This is not a case where an employer, without any reservations, lends a motor vehicle to an employee. The testimony is clear that the defendant retained control over the employees as well as the truck. The men were on duty, this being admitted by the president of the defendant company. The defendant wanted to know the exact whereabouts of the truck and the men, so its president stated. Fuller, the foreman, and King, the driver, were on duty, so Mr. Fuller stated. They were returning to their work at the time of the collision, so the foreman testified.

With such testimony before the trial court, was the defendant entitled to a directed verdict? Certainly the court will not so hold.

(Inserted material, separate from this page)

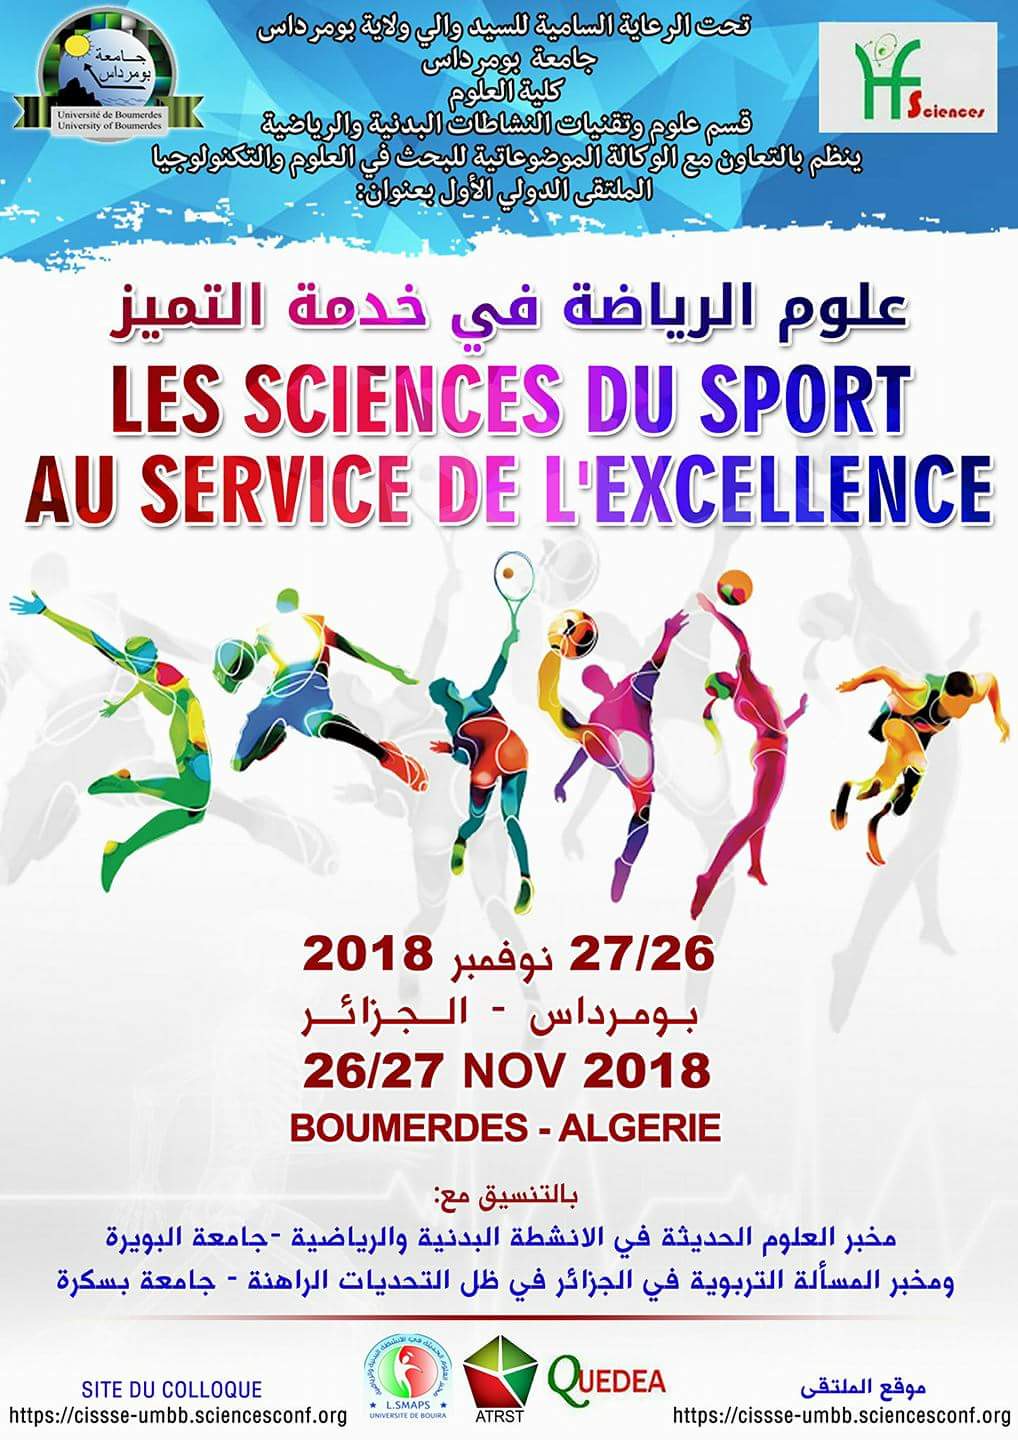 1er Colloque International des Sciences du Sport au Service de l’Excellence, Les 26 & 27 Novembre 2018 à Boumerdès
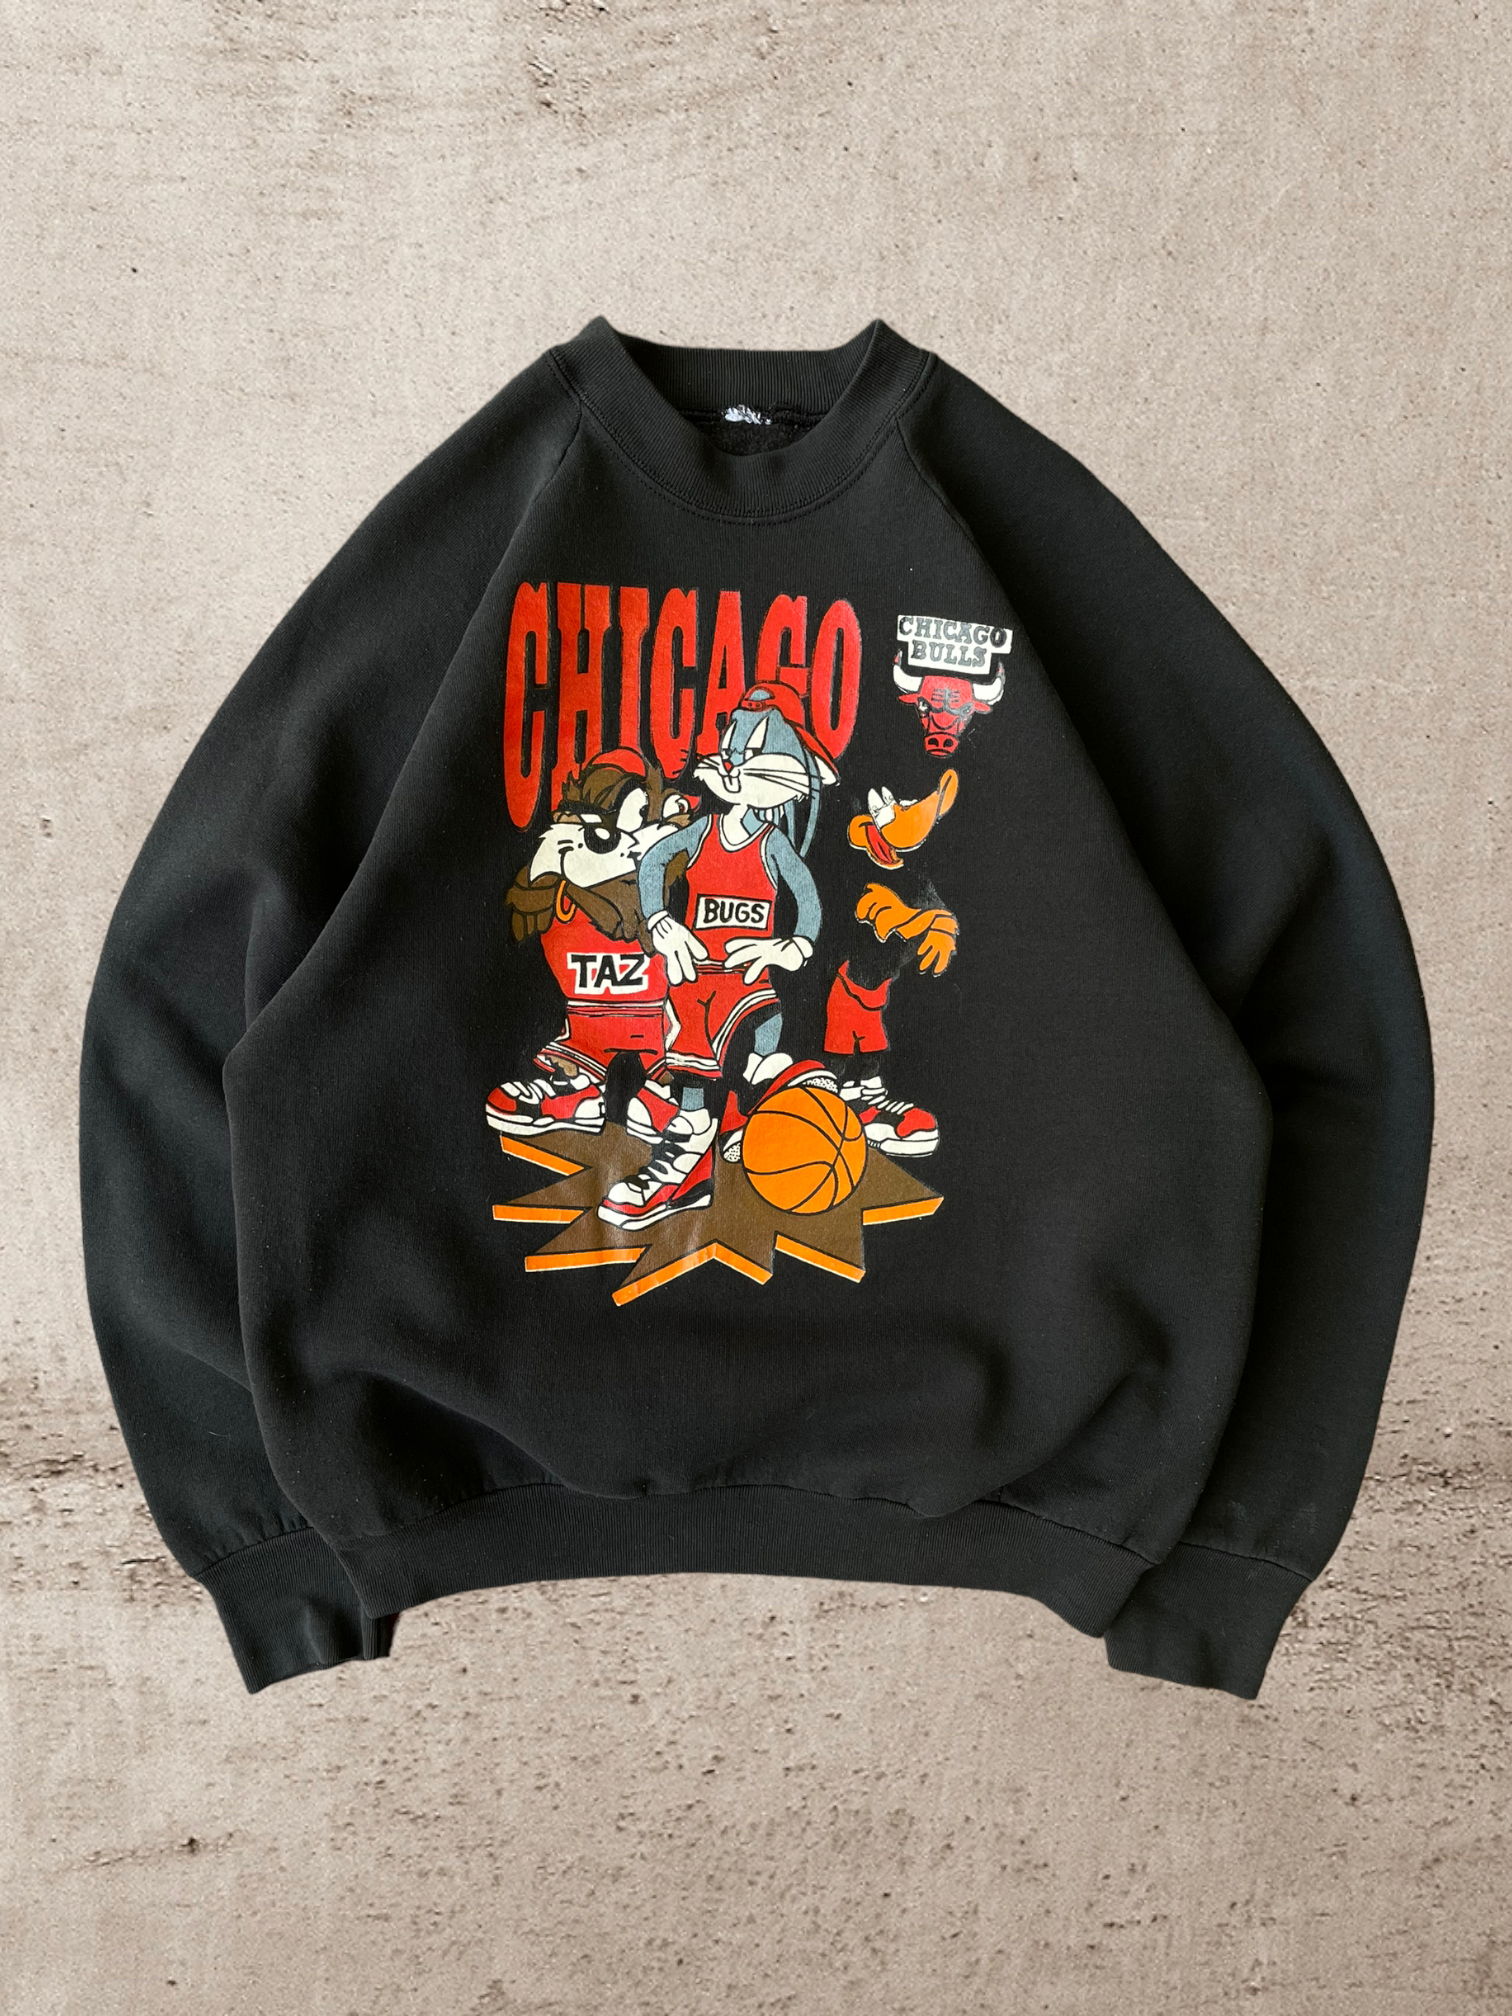 90s Chicago Bulls Looney Tunes Crewneck - Medium

Appellee, Mrs. B.P. Ferguson, brought this action in the circuit court of Warren county against appellant, Vicksburg Gas Company, for damages done her automobile by means of a collision between it and an automobile truck belonging to appellant, and recovered a judgment for sixty-six dollars and fifty cents, from which appellant prosecutes this appeal.

Conceding every material fact which appellee's evidence tends to prove, the question is whether or not there is any liability on the part of appellant. If that question is to be answered in the affirmative, then the verdict and judgment appealed from must stand. On the other hand, if it is to be answered in the negative, appellant was entitled to a directed verdict in its favor as requested.

Appellee's evidence showed that the collision and damage done her car was through the negligence of the driver of appellant's truck, one R.W. Fuller, who was at the time appellant's plant foreman, but was driving appellant's truck on a mission of his own. On the day of the collision between the truck and car there was an Easter egg hunt for the children in the National Military Park at Vicksburg. Mr. Fuller, appellant's plant foreman, borrowed one of its commercial trucks used in connection with its business for the purpose of transporting to and from the Easter egg hunt several children. It is therefore without conflict in the testimony that at the time of the collision Mr. Fuller, the driver of the truck whose fault caused the collision, was not acting in furtherance of his master's business (the business of appellant), but was acting entirely without the scope of his authority.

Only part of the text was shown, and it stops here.